6. “New World Order”
The opening episode of The Falcon and the Winter Soldier did a great job of reintroducing us to Sam Wilson and Bucky Barnes. Our first chance to catch up with them since Avengers: Endgame, it gave audiences a glimpse of some of the emotional trials they had been through and were still currently facing.
It also opened with an epic fight scene (or should that be “flight” scene) that saw Falcon remind us all what he can do by taking the fight to Batroc in the skies.
“New World Order” was a real thought-provoker; a character study on the pair that fans loved so much and yet knew so little about outside of their costumes. The only real drawback was the fact that its inherently slow pacing didn’t really gel with the 40-minute network TV episode length, making it feel like the premiere got cut short just as the story was getting going. And it didn’t help matters that Sam and Bucky never interacted at all.
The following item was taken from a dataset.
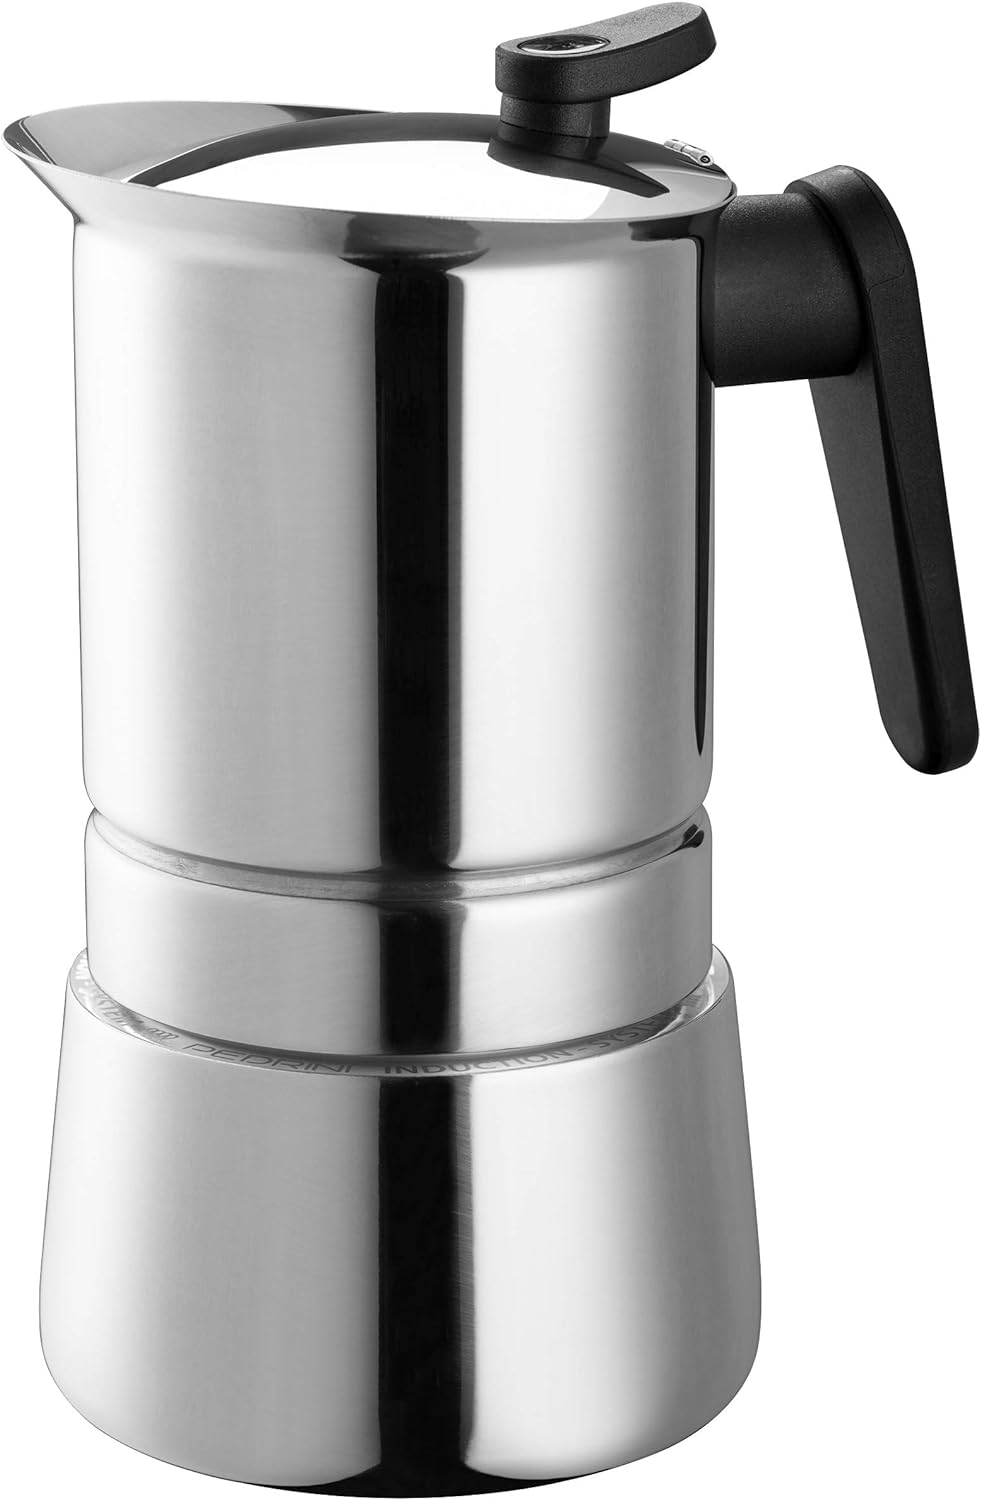 Pedrini Steelmoka, Patented Moka Espresso Machine for Hobs Including Induction, Capacity 10 Cups, Silver Color, Steel Coffee Machine, 16.7 x 11.9 x 22.4 cm

5. “The Star-Spangled Man”
Just as the premiere was undercut a little by the fact that Sam and Bucky never crossed paths, “The Star-Spangled Man” suffered because of how nonchalant and sudden their reunion in the first act was – and how quickly it accelerates into that fight.
That right there, however, presented the sophomore offering with arguably its best scene as that showdown atop the trucks between Sam, Bucky, John Walker, Lemar Hoskins and the Flag-Smashers was an absolutely thrilling watch.
Speaking of Walker, the episode does a great job of setting up the new Captain America as a character with something to prove and fight for and it also does a great deal in getting into Bucky’s psyche and why he’s so angry with Sam for surrendering the shield. And we can’t talk about the interactions of the episode without praising the chemistry between Sebastian Stan and Anthony Mackie.